A member of the Glasgow Women's Labour League (of which she became president), in 1895 Lizzie Glasier wrote to the Labour Leader canvassing for the idea of establishing classes for children connected with "every branch of the I.L.P. and other Socialist bodies throughout the country". On 2 February 1896, socialist lecturer Caroline Martyn, called a meeting to form the Glasgow Socialist Sunday School, becoming its secretary.

This has been described as the origin of the modern Socialist Sunday School movement, and what became a nationwide network of Socialist Sunday Schools. F. Reid described the work of "second-rank adherents [of the Labour movement] who achieved no national prominence", like Lizzie Glasier and Archie McArthur, as being particularly important to the development of the Socialist Sunday School movement.

Lizzie Glasier edited the monthly magazine The Young Socialist. In its pages, she gave outspoken support to the demands of workers in the strikes involving seamen, dockers, railwaymen, and miners 1911–12. Editorship was taken over in the 1920s by Glasier's friend May Westoby.

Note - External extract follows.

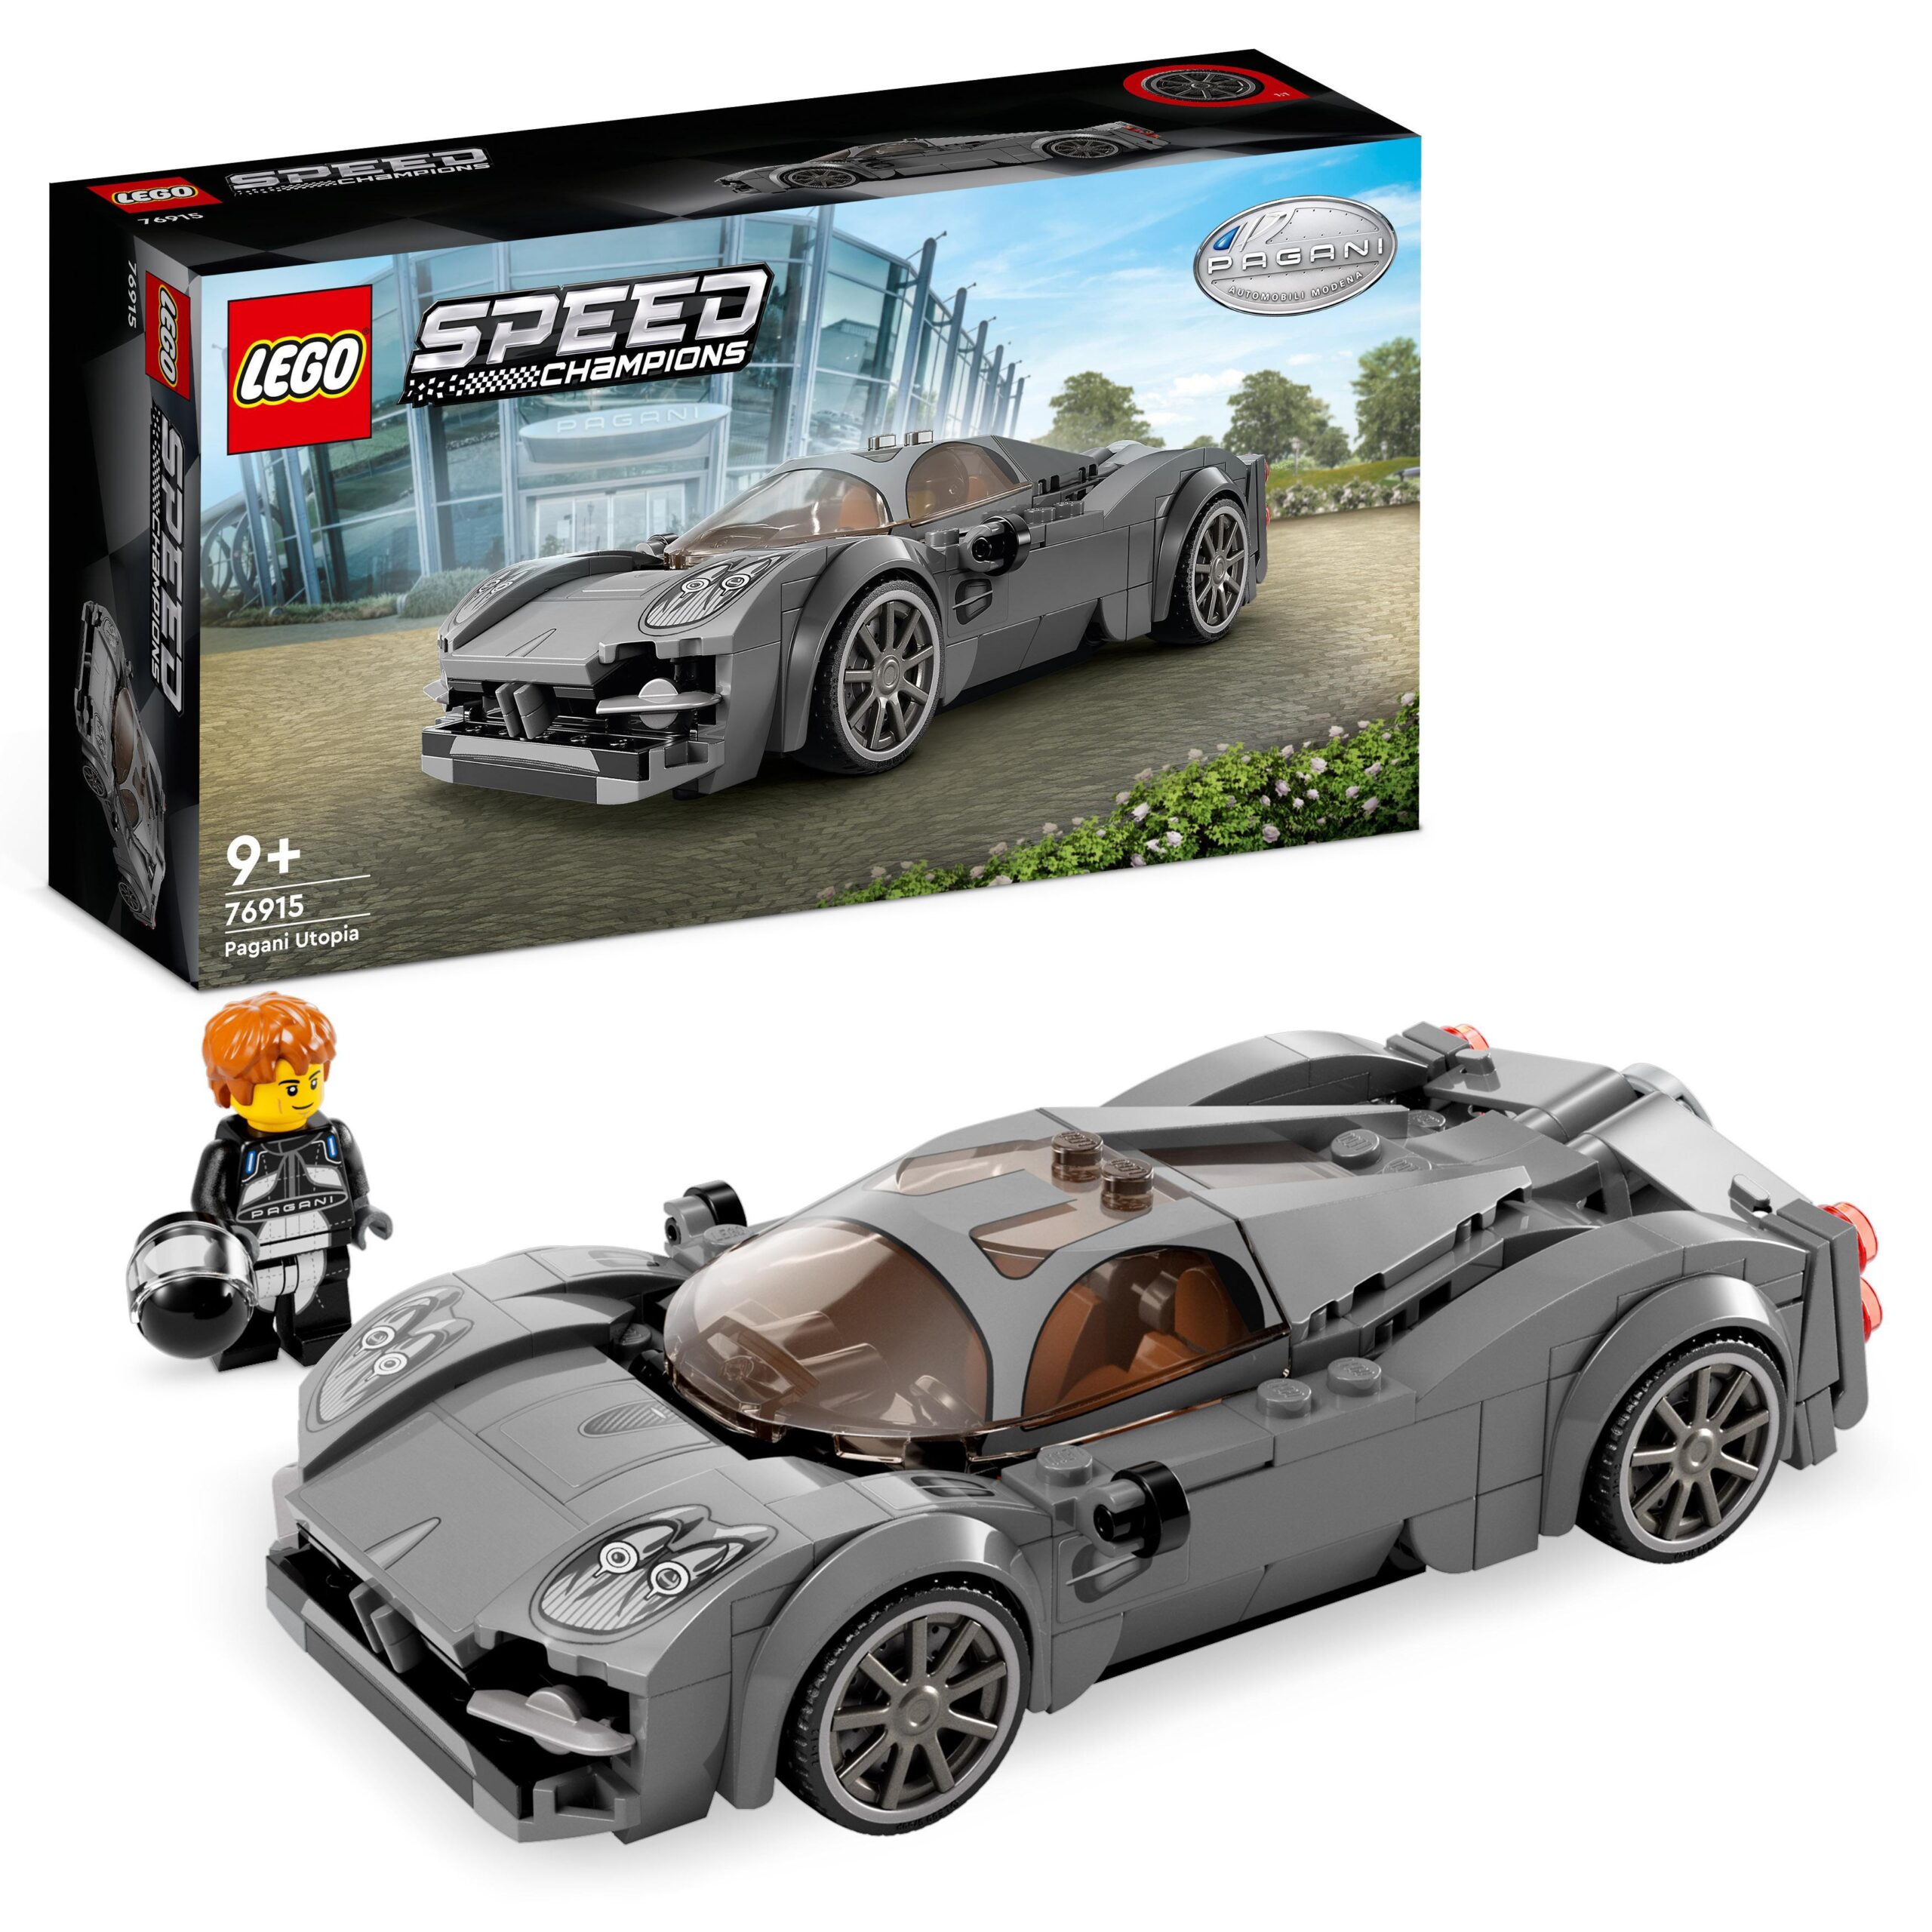 Lego speed champions 76915 pagani utopia, modellino di auto di

In 1907, Glasier responded to an attack by some of Glasgow's Christians which suggested that Socialist Sunday Schools were irreligious. Her pamphlet was titled A Reply to the Sabbath school teacher's Magazine. She argued elsewhere that socialism was the highest religion, writing:Socialism contains in itself a system of ethics which when brought into operation, and practised by humanity will lead to the perfect fulfilment of that highest and holiest aspiration of all religions—The Brotherhood of Man.... It has become as a religious faith, which no opposition or persecution is likely to weaken or dim; which no discouragement can turn its disciples aside from.In addition to her work for the Labour movement, Glasier became well known for her work on behalf of children. She wrote four volumes on the decorative forms of school needlecraft, which influenced methods used in schools – its general methods being incorporated into The Handbook of Suggestions to Teachers, issued by the Board of Education in 1927. She was also a founder and Principal of the E.N.A. School of Needlecraft, which instructed teachers in new methods, seeking particularly to abolish minute sewing, which she viewed as injurious to young children.

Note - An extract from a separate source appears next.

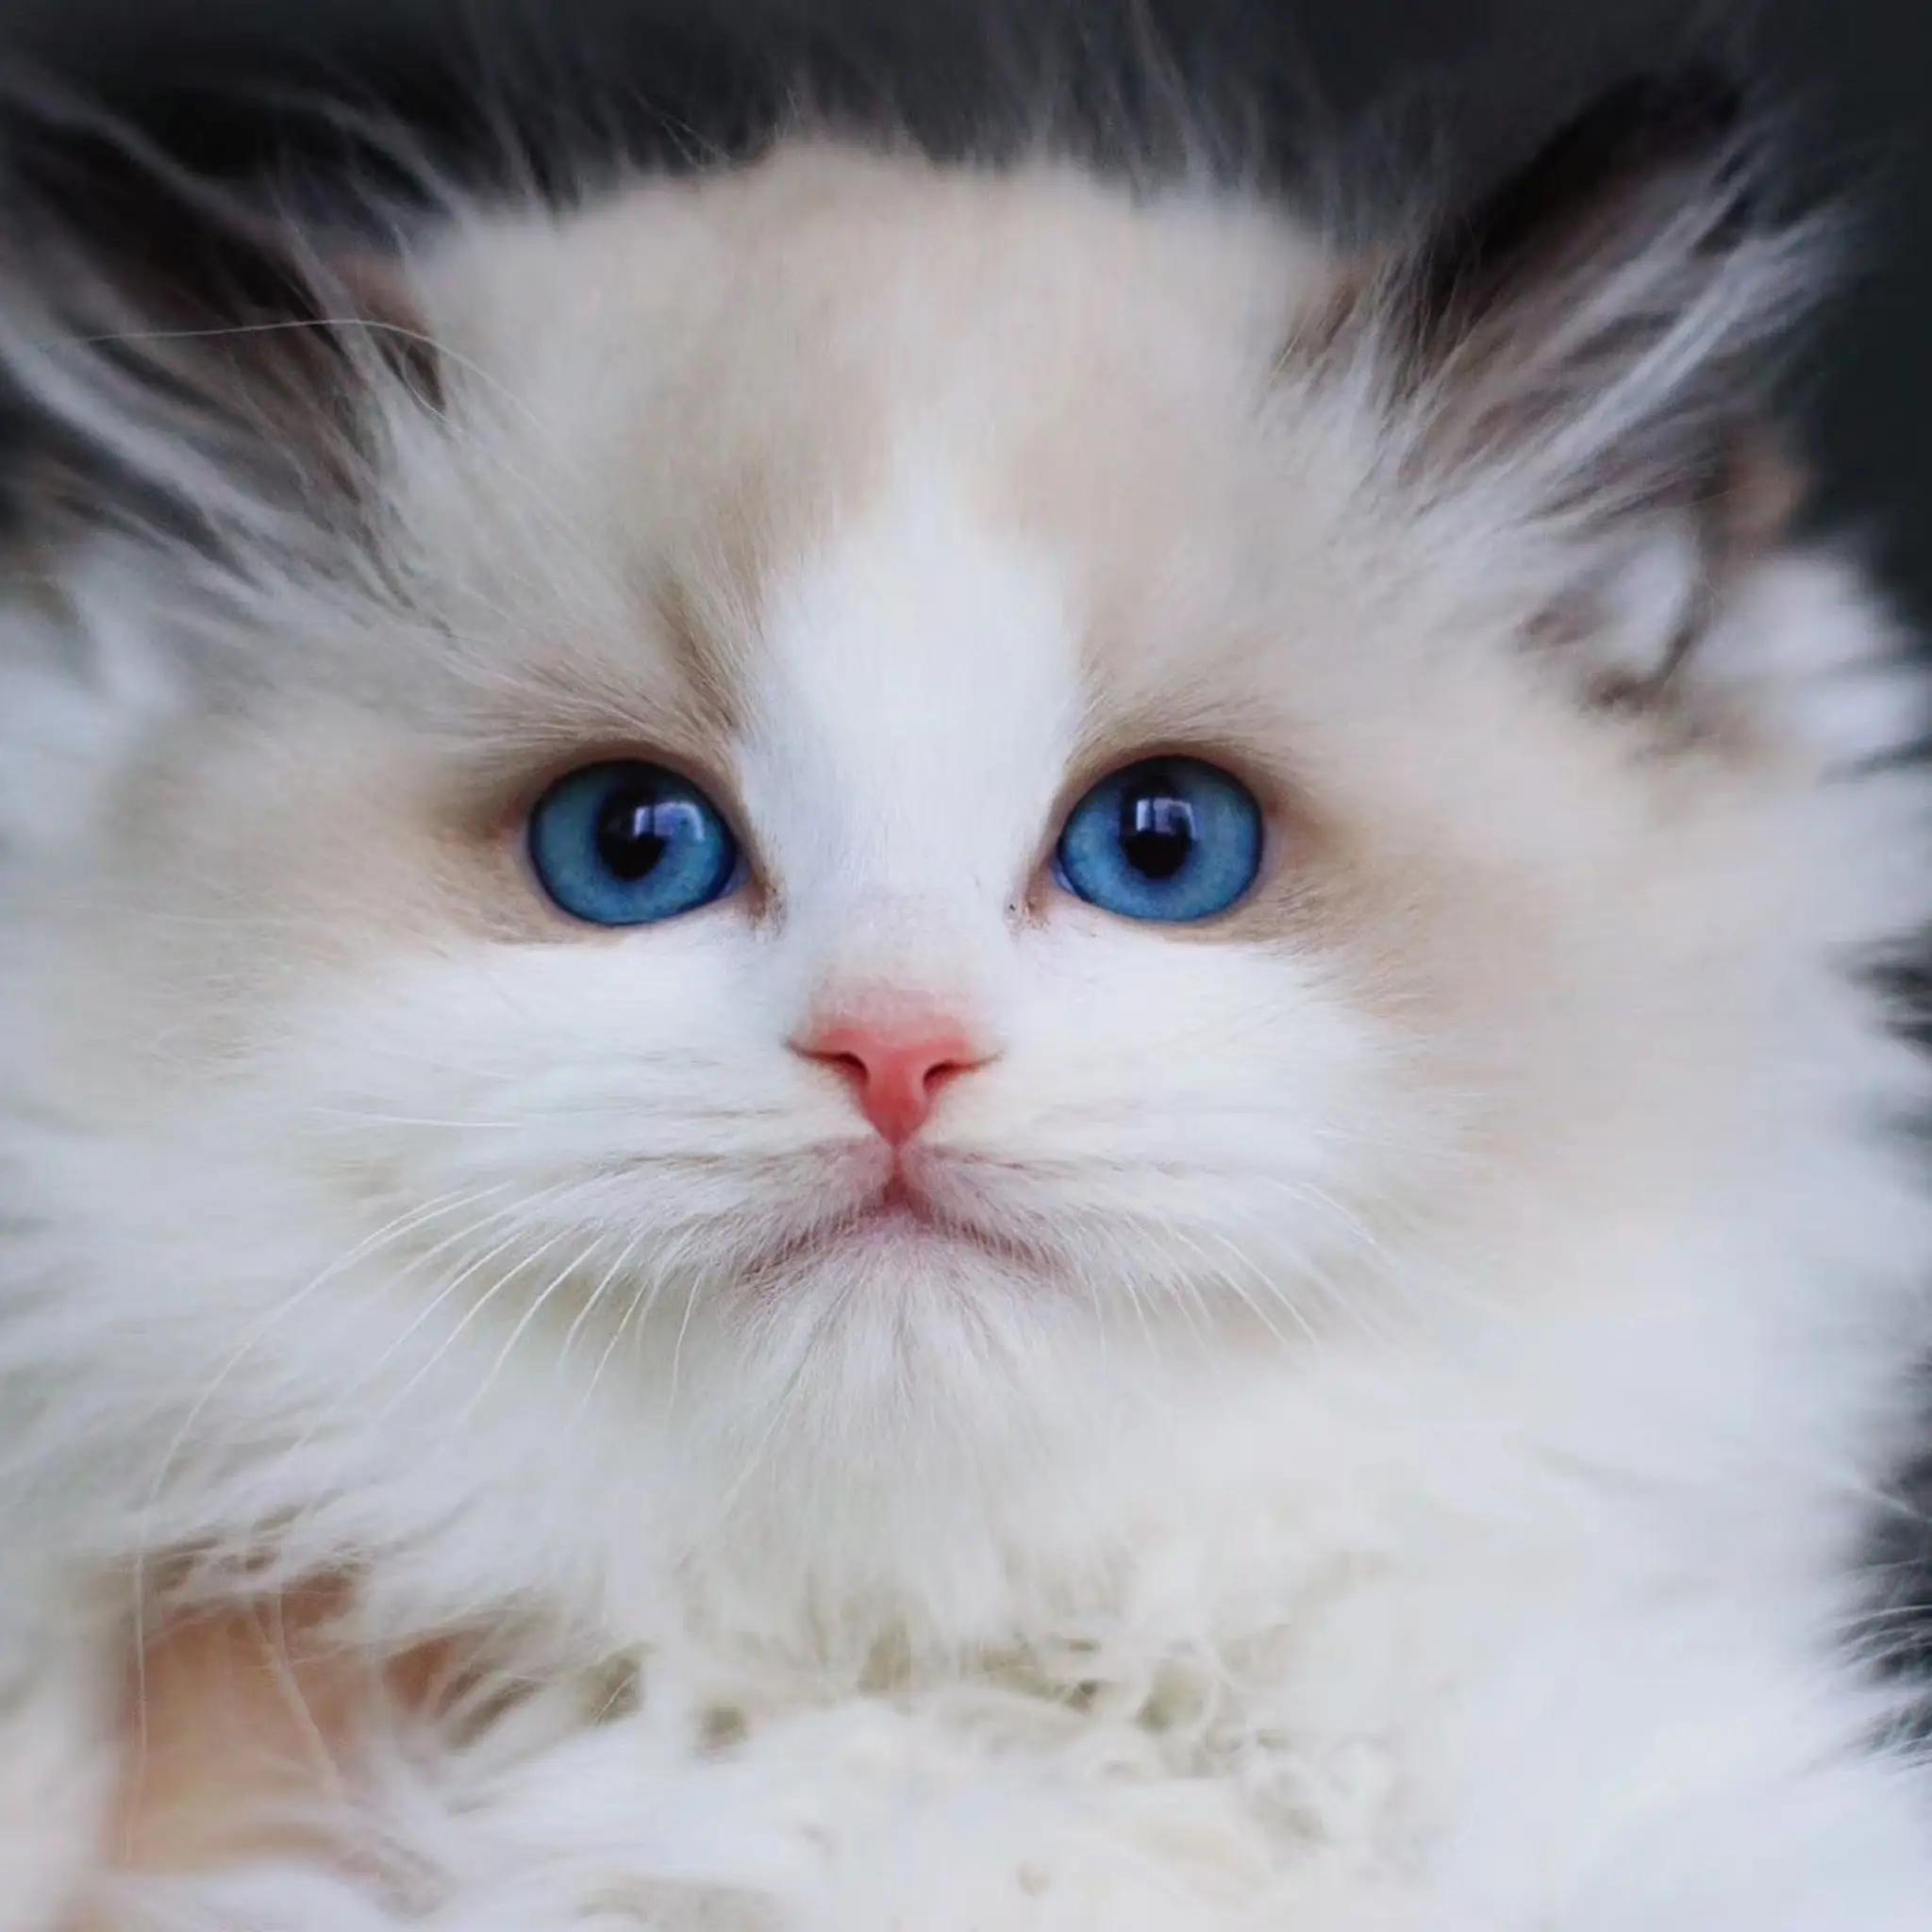 蓝双布偶猫图片大全,蓝双布偶猫高清壁纸

Glasier also wrote and privately published a pamphlet about John Bruce Glasier's poetry.

== Later years ==
In her later years, she and her husband lived with Katherine Bruce Glasier at Glen Cottage, Earby. In West Craven, she remained active in working with children and mothers, including as part of the Clinic Sewing Circle, and the Nursing Association. A regional paper described her as "frail in physique, but lion-hearted".

Elizabeth Glasier Foster died in January 1947 at Southend Municipal Hospital, Rochford, following a fall some weeks earlier.

Glen Cottage, preserved in memory of Katherine Bruce Glasier, later became a youth hostel.